SYDNEY: Astronomers have found million-degree gas ‘bubbles’ in the Orion Nebula, revealing that stars in the stellar nurseries of our galaxy commonly generate waves of hot gas.
Orion is the closest star-forming region to Earth, and astronomers believe that our Sun was born in a similar environment. Stars in such nebula were thought to form in dense, very cold, molecular clouds. Now, however, a study published in U.S. journal Science reports that bubbles of superheated gas are also common, showering the nebula with X-rays.
“Every new piece of information we collect on Orion has implications for the early history of the Solar System, and therefore for our understanding of our own origins,” said lead author Manuel Guedel, an astronomer from the Paul Scherrer Institute in Switzerland.
Stars are born in these dense molecular clouds, in a process often triggered by shock waves from supernovae or the collision of two galaxies.
Initially, gravity pulls particles across vast distances in space towards a focal point in the cloud that will become the star’s centre. This process of contraction produces heat and – in combination with forces of gravity – nuclear fusion eventually begins, signifying the birth of a star.

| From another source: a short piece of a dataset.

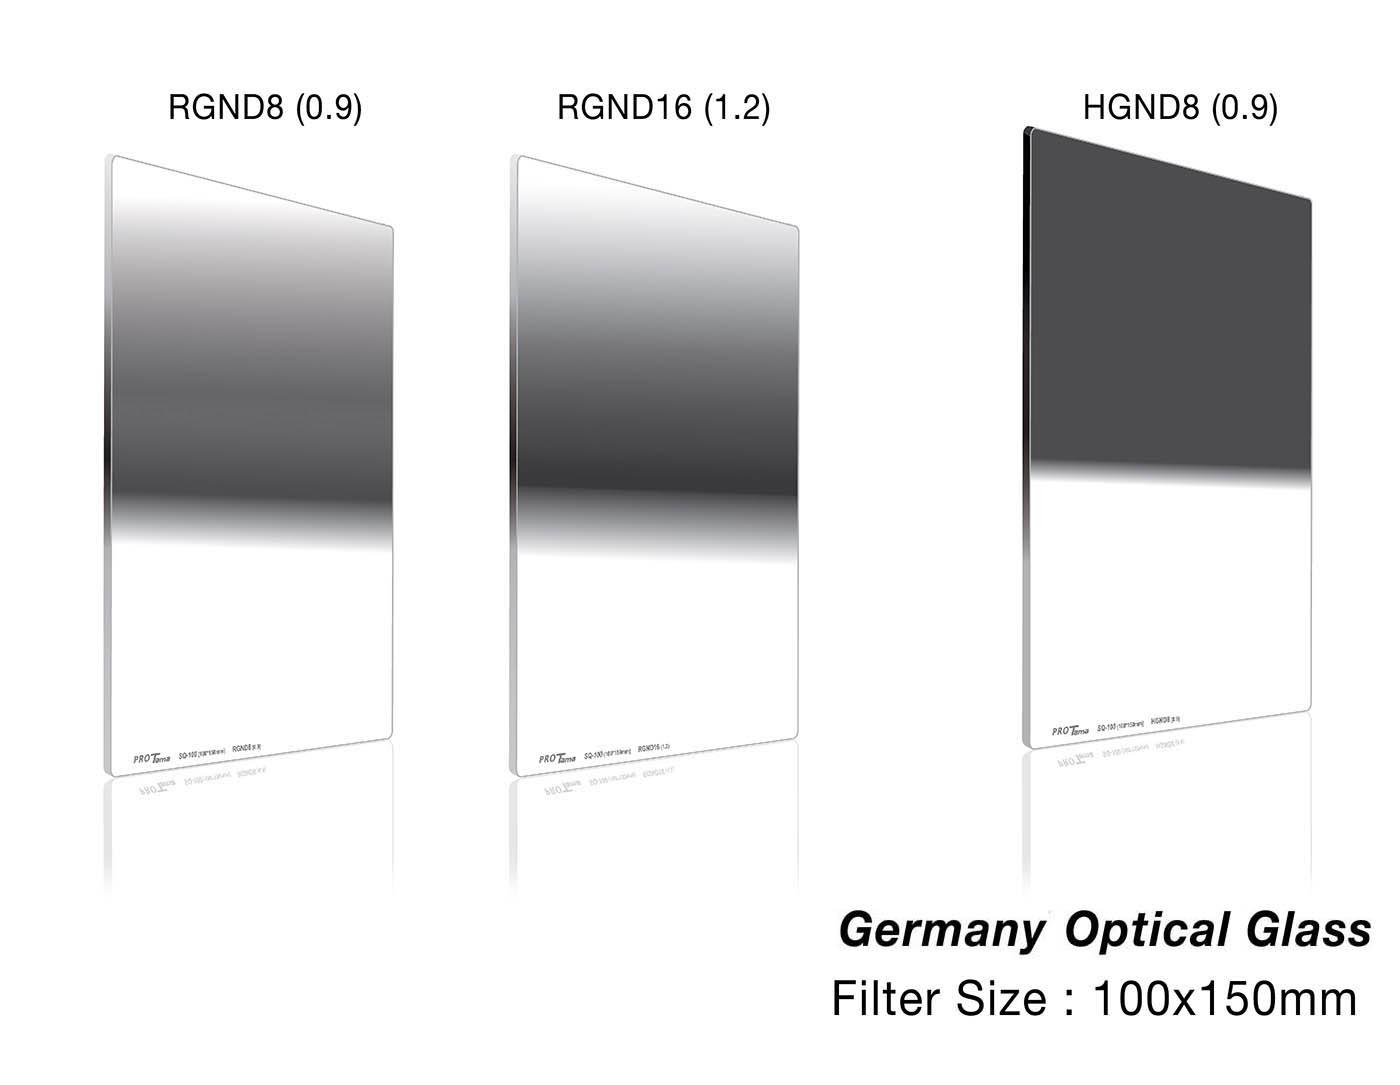 ProTama 天馬 (SQ-100) HD 高清方形濾鏡 100x150 (RGND8, RGND16, HGND8) - 德國光學玻璃材料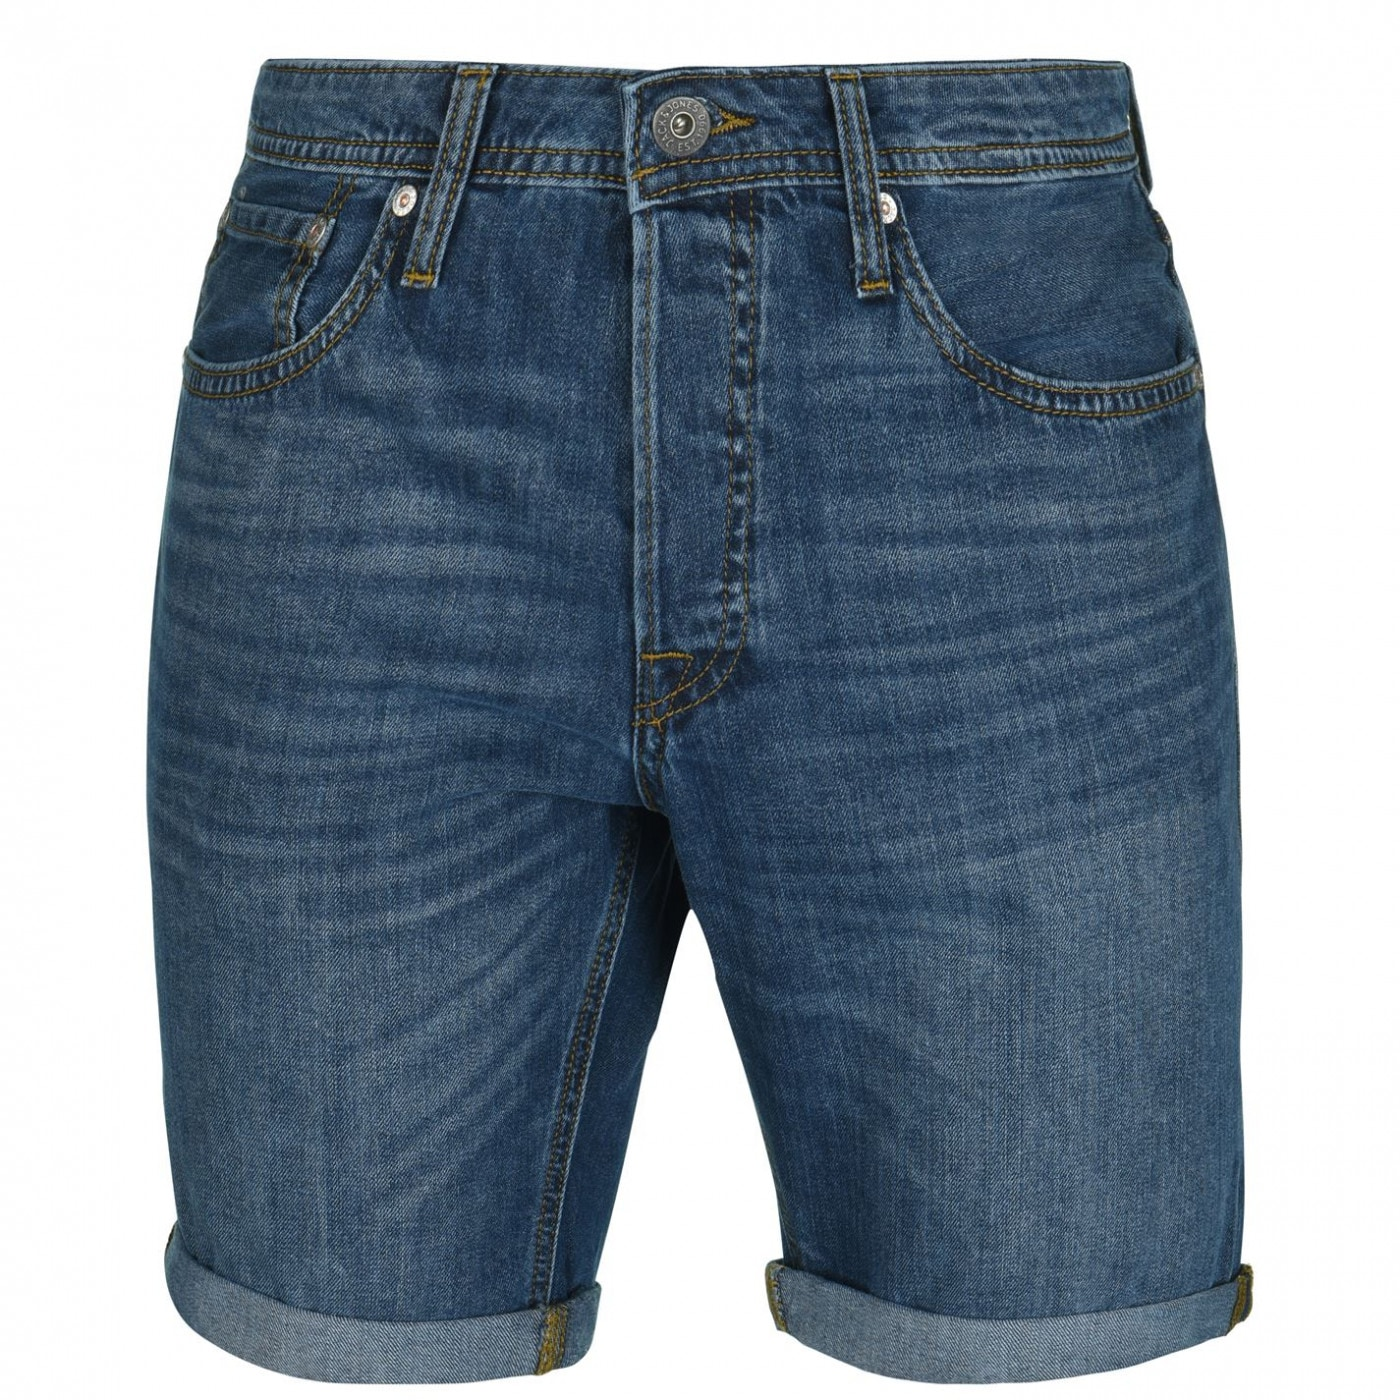 Jack and Jones Rick Denim Shorts Mens

The vast Orion constellation hosts a huge molecular cloud and the majority of this region is dark. The Orion Nebula itself is a bright area on the surface of this cloud facing Earth. In this region, a few hot stars – the so-called Trapezium stars – illuminate, ionise and excite the particles in the interstellar medium causing the emission of a characteristic reddish light.
Wind causes “gas bubbles”
The observations described in the new study were collected using the European Space Agency’s XMM-Newton, an orbiting X-ray observatory. X-ray-detecting telescopes have targeted the Orion Nebula for 30 years but Guedel and his team identified a “bright” patch that had gone unnoticed.
“We think that the winds from the Trapezium stars collide with the surrounding gas, and this creates shock waves that can indeed heat up to millions of degrees,” suggests Guedel.
Super-heated “gas bubbles” in star-forming regions were previously thought to be associated only with congregations of many massive stars. The observation of these hot spots in the Orion Nebula was a surprise given the small number of stars present.
The discovery has led the research team to propose that hot gas “bubbles” are much more common in the galaxy than astronomers previously thought.
The study also revealed that the hot gas does not rest inside the nebula but rather, flows out into the interstellar medium. “We suggest that large parts of the galaxy are enriched by such hot gas flows leaking out of many star-forming regions,” says Guedel.
“[These results] go some way towards giving us a picture of the Galaxy as an eco-system, with cycles of death and renewal,” comments Peter Tuthill, an astrophysicist from the University of Sydney in Australia, who was not involved in the study. “This is a small piece of a very big cosmic jigsaw.”